In October 2011, the Nassau County Legislature voted on a budget that had the effect of closing three of the eight precincts. In March 2012 the Levittown station was chosen to be the first to be reduced to a "Community Policing Center" followed by the 5th Precinct in Elmont, and 6th Precinct in Manhasset. All previously closed Precincts have since reopened.

The department is headed by a civilian commissioner, appointed by the county executive. On January 24, 2018, County Executive Laura Curran appointed Patrick Ryder, the former commanding Officer of the Asset Forfeiture & Intelligence Unit, as Commissioner. On February 26, 2018, after being unanimously confirmed by the Nassau County Legislature, Ryder was sworn in as Nassau County police commissioner.

In April 2019 the county announced an agreement had been reached between the Democrat County executive and Republican-controlled County legislature, and on April 10, 2019, the 6th Precinct in Manhasset and the 8th Precinct in Levittown were reopened, restoring the department to its original 8 precinct Size.

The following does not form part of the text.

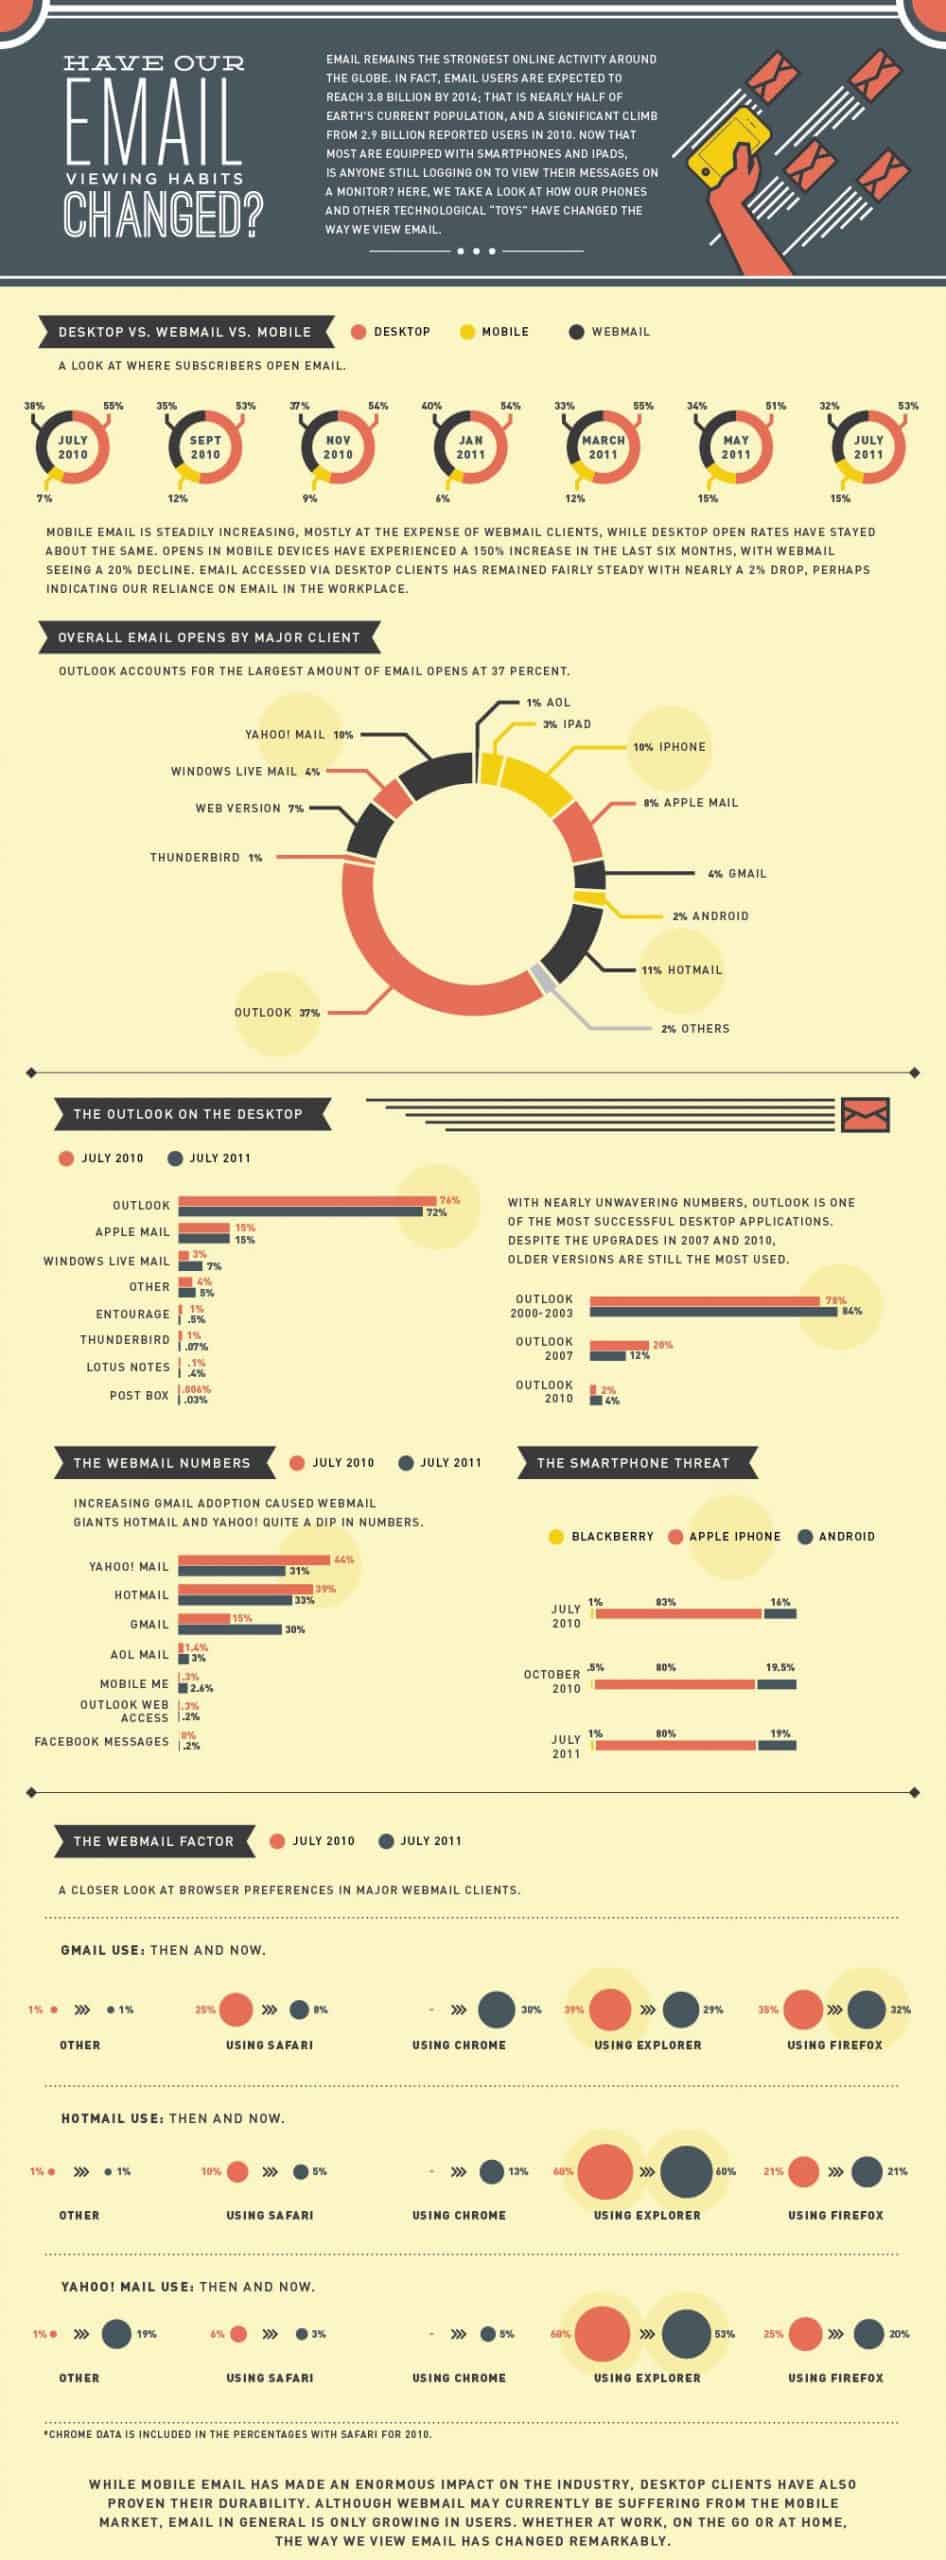 Email-Viewing-Habits-Changed-Infographic
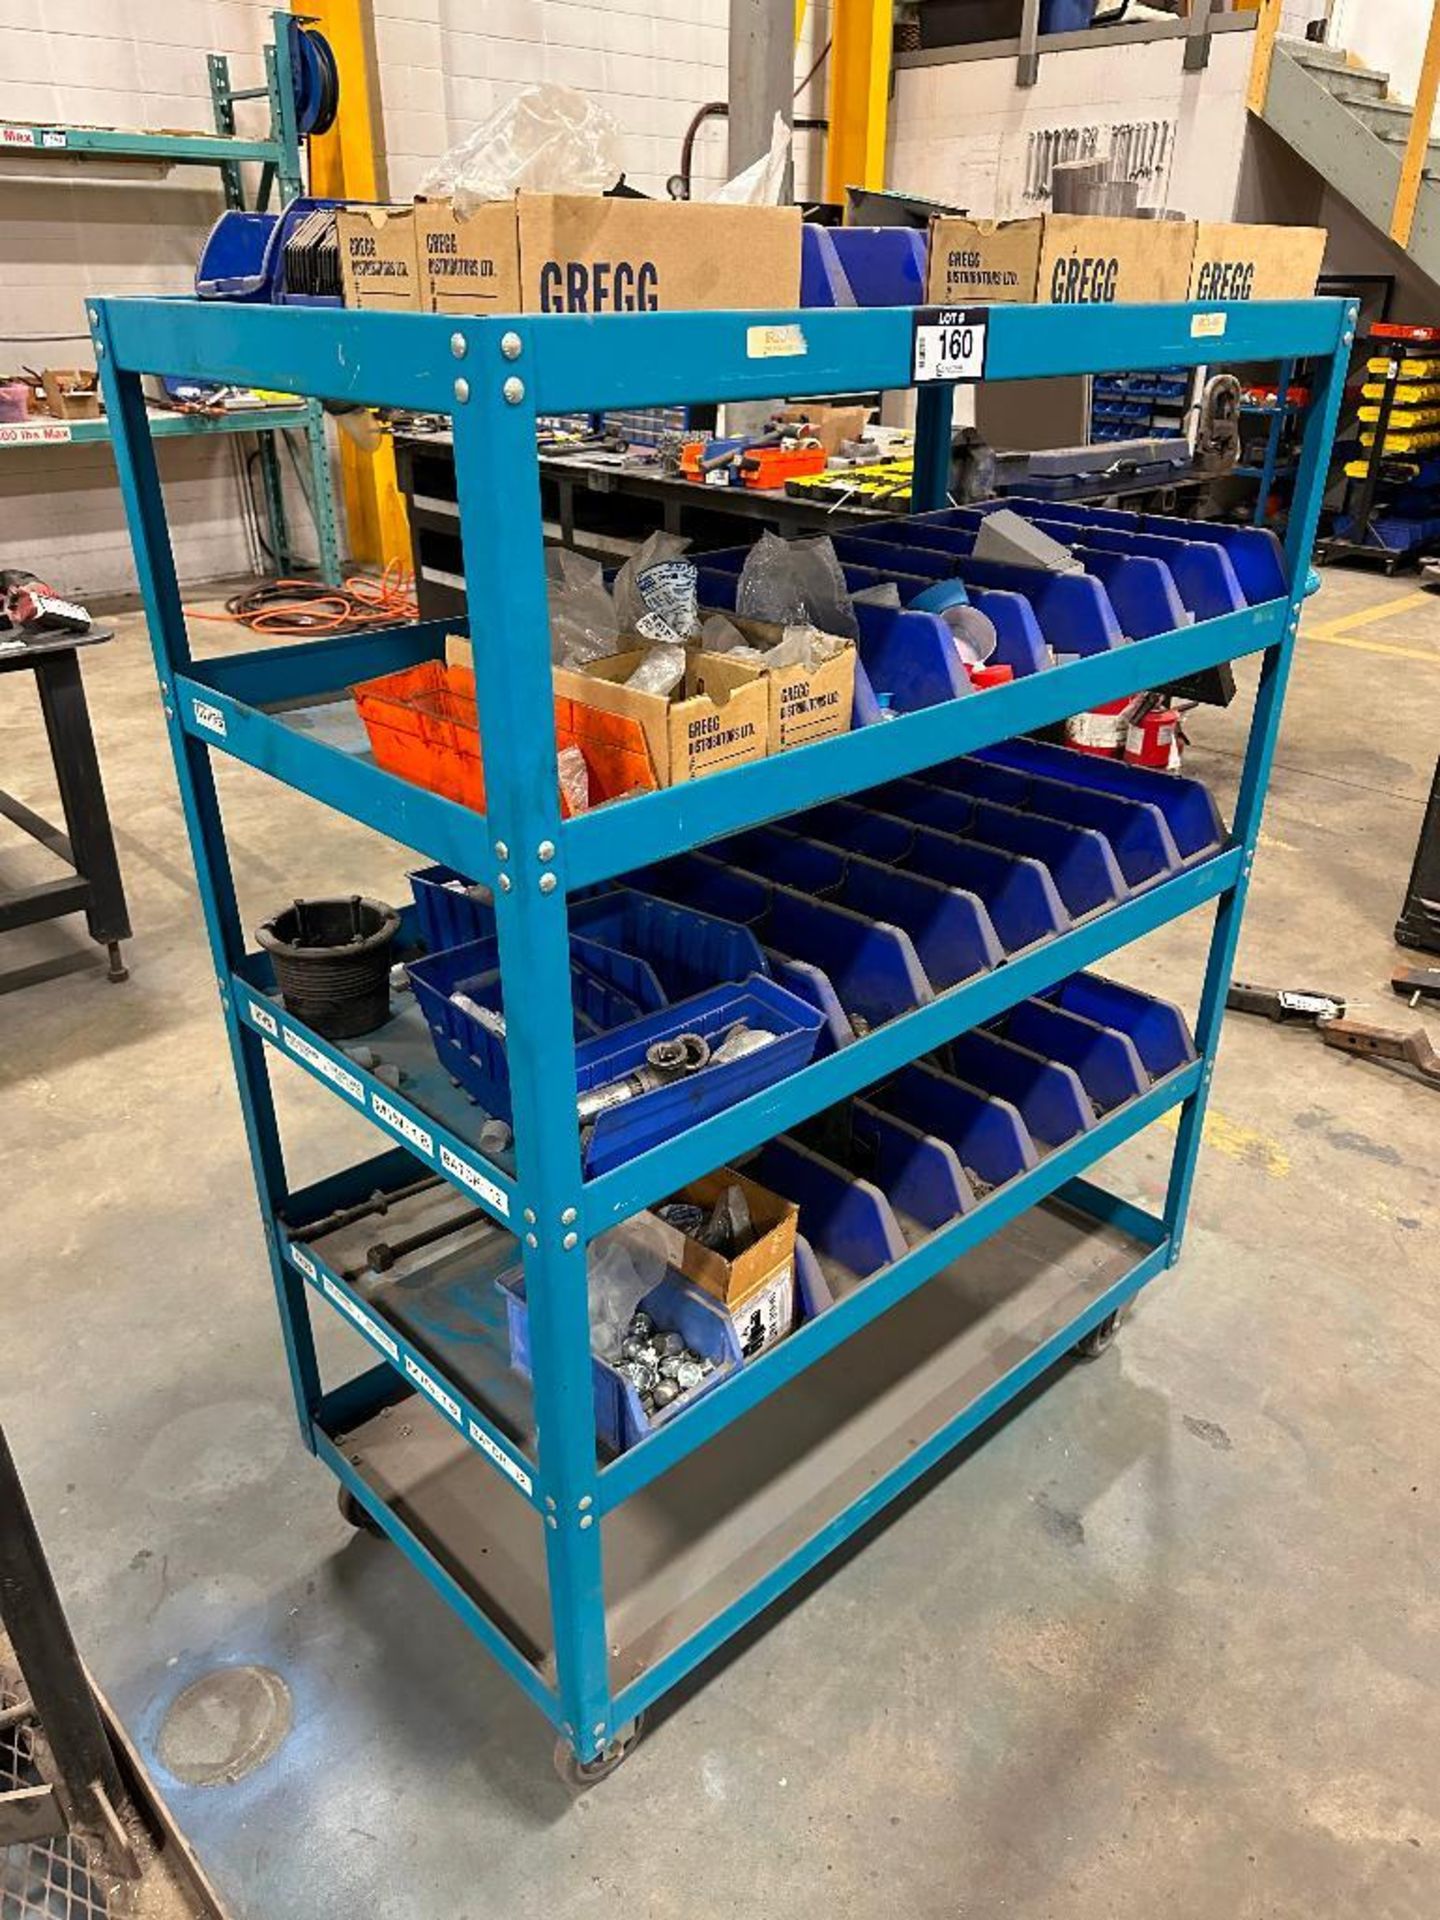 48" X 24" X 61" Mobile 5-Tier Shelf w/ Contents Including Parts Bins, Fittings, etc. - Image 11 of 15

The NCPD's guiding philosophy is that it is a "service-oriented" police department, promoting the concept of the community as client, and the police as provider. (For example, officers will come to a citizen's home to take a crime report or complaint, rather than ask the citizen to come to the precinct.) Sociologist James Q. Wilson used the Nassau department as the exemplar of this approach in his classic 1968 study, Varieties of Police Behavior.

== Equipment ==
The department has historically been known to quickly embrace new technologies. The Marine Bureau began in 1933 with the gift of an 18-foot Chris Craft mahogany speedboat from the residents of Manhasset Bay. The Aviation Bureau followed a year later with the gift of a Stinson airplane from wealthy county residents. The aircraft was grounded by World War II, but the air unit was revived in 1968 with the purchase of four helicopters to assist in pursuits and medical evacuations. The elite Highway Patrol Bureau, which covers the Long Island Expressway and the Seaford-Oyster Bay Expressway and includes motorcycle officers, was founded in 1935. All police vehicles are now equipped with computer keyboards, and, since 1973, air conditioning.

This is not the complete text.